The paper says that Chiapas – under Morena party Governor Rutilio Escandón, an ally of López Obrador – “stands out as having several low NPI scores throughout the pandemic” – although paradoxically it has the lowest case tally and second lowest death toll among Mexico’s 32 states.

“In Mexico, [information] campaigns were strong and consistent across most states, with a few notable exceptions, such as Chiapas,” the paper said.

“Mask use mandates are consistent and relatively rigorous in many Mexican states, but several states implemented them late. Chiapas never went beyond recommending mask use.”

coronavirus stoplight map
The federal government introduced its coronavirus stoplight system in June 2020, but left the responsibility for implementing COVID strategies with the states.

The researchers also noted that national responsibility for managing the pandemic in Mexico was not concentrated with the president but rather the office of Deputy Health Minister Hugo López-Gatell.

The paper noted that along with the president, [López-Gatell also downplayed the gravity of the threat and made “not overreacting a guiding principle, creating obstacles for a strong and coordinated national response,” the paper said.

In their conclusion, the researchers – among whom are former Mexican health minister Julio Frenk and his wife Felicia Knaul – asserted that “populist regimes are attracted to punt politics because their objective is political gain, not maximizing health outcomes.”

“A defining characteristic of populist regimes is valuing and prioritizing power as an end goal rather than a means and, in the case of a pandemic, this implies that policy adoption (or lack thereof) will not be based on prioritizing health needs, promoting trust, or eliciting population compliance,” it said.

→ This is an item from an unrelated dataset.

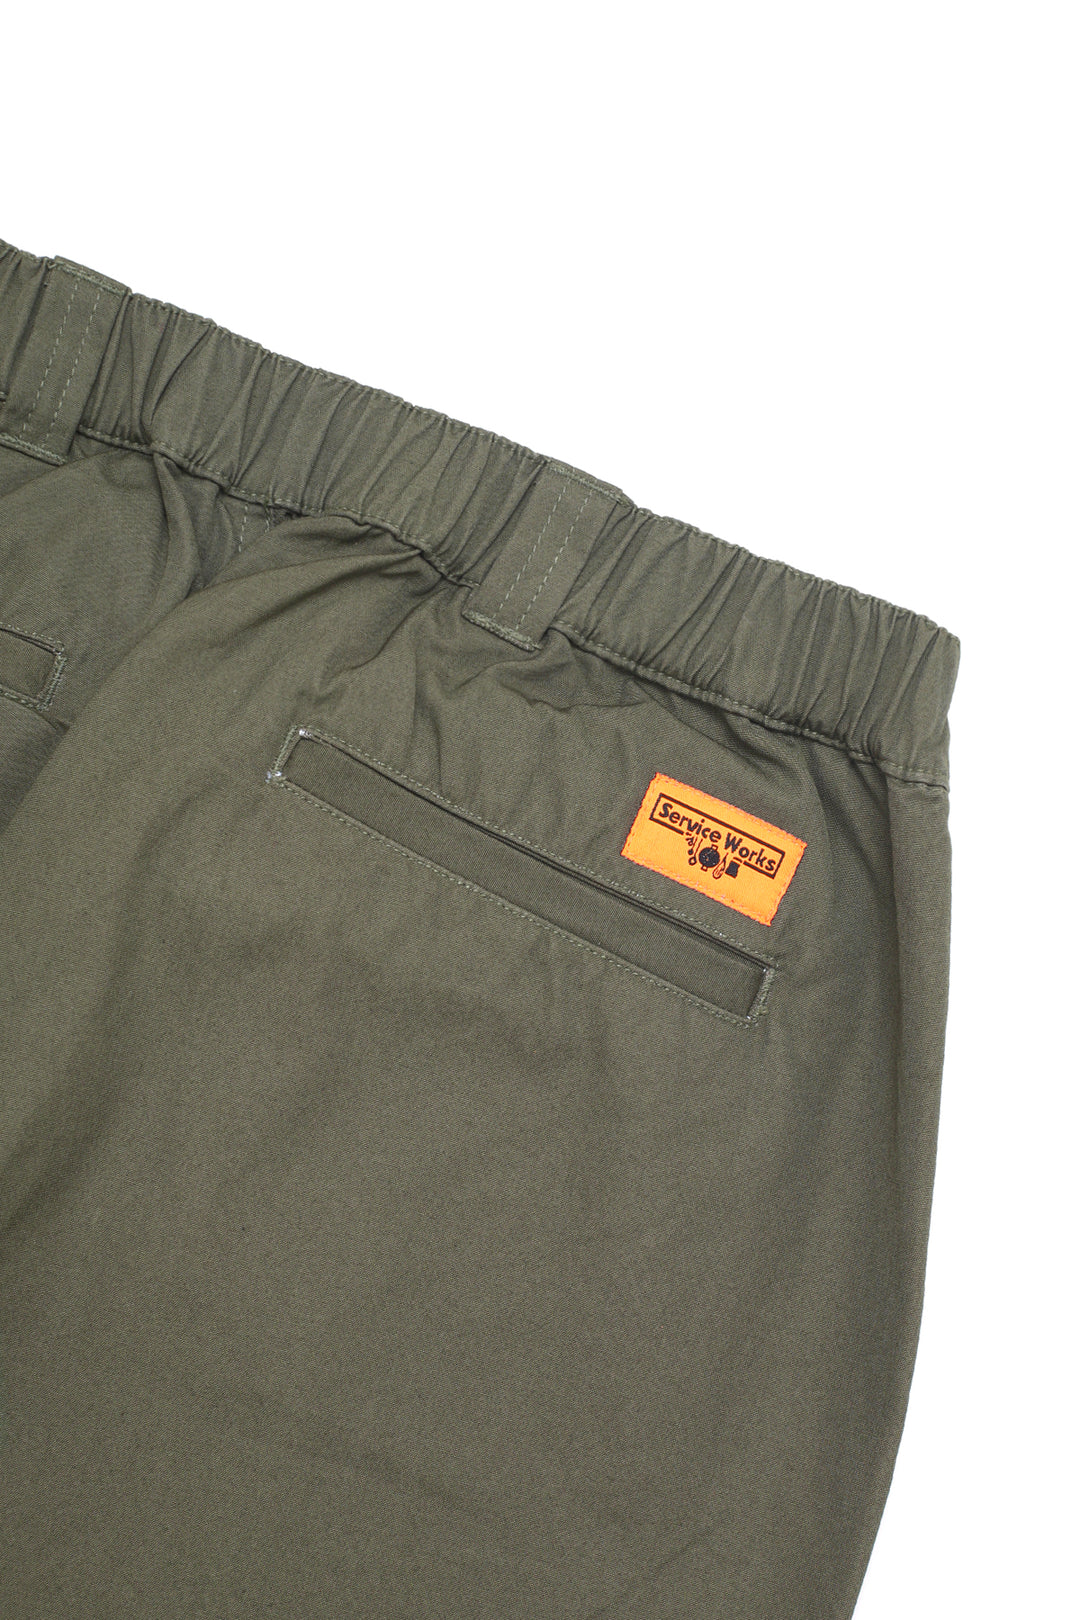 Service Works - Twill Waiters Pant - Olive

“… Instead of harnessing and applying evidence and science in a coordinated manner, Mexico and Brazil’s leaders employed punt politics to achieve political gain or avoid the political cost of implementing unpopular policies such as lockdowns. The result is a health system where some components are functioning, while others, like disease surveillance, are not; the lack of coordination leads to a whole that is far less than the sum of its parts.”